"Of course," Sasha said, stepping aside to let her pass. "Don't let me keep you."
Sophie hurried away, still clutching her plate of purloined food, and Sasha was left standing in the corridor wondering what exactly the youngest Sullivan was up to.
But then, everyone in this house seemed to be hiding something.
The question was whether any of them were going to survive the secrets they were keeping.
Chapter Thirteen
Victoria was staring at her laptop screen when Sasha came in. Though she'd been reading the same rejection email for the past ten minutes without absorbing a word of it. She'd received three similar messages today, each one a small death by a thousand corporate cuts, along with notification that next week’s interview with Pemberton Associates had been canceled due to "restructuring priorities."
Which was business-speak for "we've found someone better and can't be bothered to waste an hour pretending otherwise."
She closed her laptop with more force than necessary, the sharp snap echoing in the quiet room. Through her window, she could see the last of the evening light fading over the gardens, where Lukas was securing climbing roses against their supports with the sort of methodical care that suggested he actually enjoyed his work. Unlike Victoria, whose career was apparently dissolving like sugar in rain.
"Not time to change for dinner already, is it?" she said, feeling oddly slightly better with Sasha in the room.
Sasha was still in her gardening clothes from the afternoon. There was a smudge of soil on her cheek that was unreasonably charming, and her hair was escaping from its ponytail in golden wisps that caught the lamplight.
"Yeah, sorry," Sasha said, moving over to where her suitcase sat. "Time goes fast here, doesn’t it?" She didn’t wait for a response, pulling out a sweet sundress that Victoria thought might show the curve of her cleavage more than she might be ready to deal with. "That Sophie’s an odd duck, isn’t she?"
"Sophie?" Victoria said, trying not to look at the sundress. "What makes you say that?"
"Dunno," shrugged Sasha. "She's just… been acting rather mysterious, hasn't she?"

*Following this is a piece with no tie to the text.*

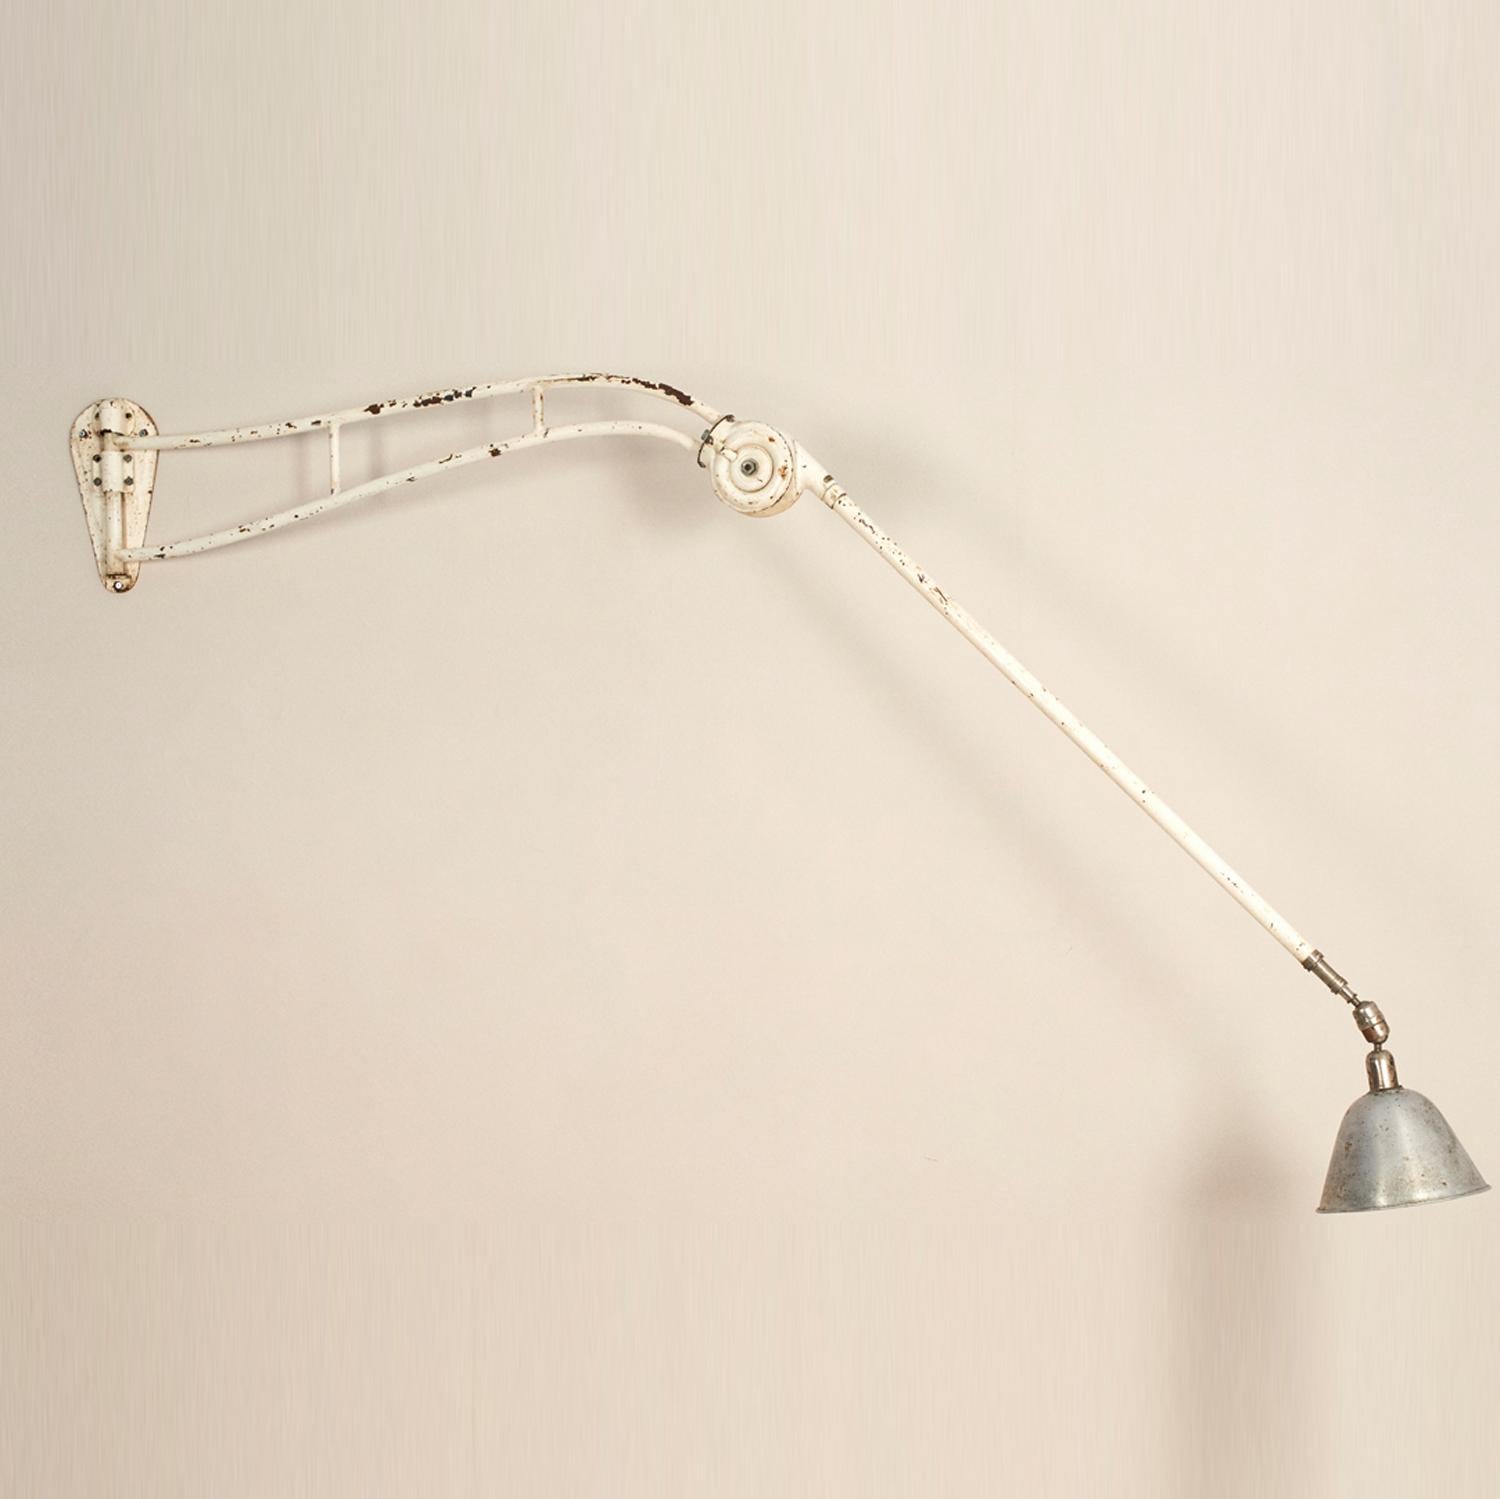 Monumental wall lamp designed by Johan Petter Johansson for Triplex, Sweden, fully adjustable and telescopic arm. White lacquered and chrome, nice original condition, marked and stamped, the central joint is still enough strong to support the arm in

Victoria considered this, turning away from her small worktable to give Sasha her full attention. "Sophie's always been secretive. Comes with being the baby of the family, I suppose. There's such a gap between her and the rest of us that she's practically an only child most of the time."
"That must be lonely."
"Probably. We were all so much older when she came along that she might as well have been raised by different parents entirely." Victoria had often wondered how her baby sister’s childhood could have been so different from her own. "I was seventeen when she was born, practically grown. Ambrose was thirteen, Archie eighteen. By the time she was old enough to be interesting conversation, we were all off at university or starting careers."
"She seems… wise beyond her years, maybe?"
"She is. Sometimes I think she sees things more clearly than any of us." Victoria paused, studying Sasha's face. "She certainly saw through you and Ambrose quickly enough."
"God, yes. That was embarrassing." Sasha laughed, but there was something careful in her expression. "Though I suppose it's hard to fool someone who's watching from the outside."
"Sophie's always been observant. Probably learned that keeping secrets is easier than trying to get our attention when we're all so wrapped up in our own dramas." Victoria shifted in her chair, acutely aware of how the light played across Sasha's features. "She's probably got half a dozen projects going that none of us know about. Secret diaries, mysterious pen pals, elaborate plans for world domination."
"The last one wouldn't surprise me. She's got that strategic look about her."
"Mmm. Why do you ask about her, anyway?"
"Just curious. She's an interesting kid. Reminds me a bit of myself at that age, actually. Always watching, always trying to figure out how the adults were managing to make such a mess of everything." Sasha was studying Victoria's face with those disconcertingly green eyes. "Are you alright? You seem a bit… um, tense."
"I'm fine," Victoria said automatically, the response so practiced it came out without thought.
"Are you? Because you've been hiding in here for most of the afternoon, and you looked rather murderous at lunch. Like you were planning Georgina's demise between bites of sandwich."
Victoria forced a smile. "Just tired. Work's been demanding lately."
"Mmm." Sasha didn't look convinced, tilting her head like a bird considering a particularly interesting insect. "Georgina was certainly something yesterday, wasn't she? All that talk about modernizing the estate. I thought your father might spontaneously combust right there at the table."
"She's exactly Archie's type, unfortunately. Beautiful, enthusiastic, and completely wrong for him in every possibleway." Victoria found herself relaxing slightly despite her mood, drawn into the conversation. "He has an uncanny ability to find women who are fundamentally incompatible with everything he claims to value."
"Poor Cathy looked like she wanted to strangle her with a rose stem when Georgina started talking about replacing the heritage roses with 'something more modern.'"
"Can you blame her? Georgina was practically planning to turn the place into a lifestyle magazine shoot. All surface and no substance." Victoria shook her head. "Did you see her face when Grandmother mentioned the library?"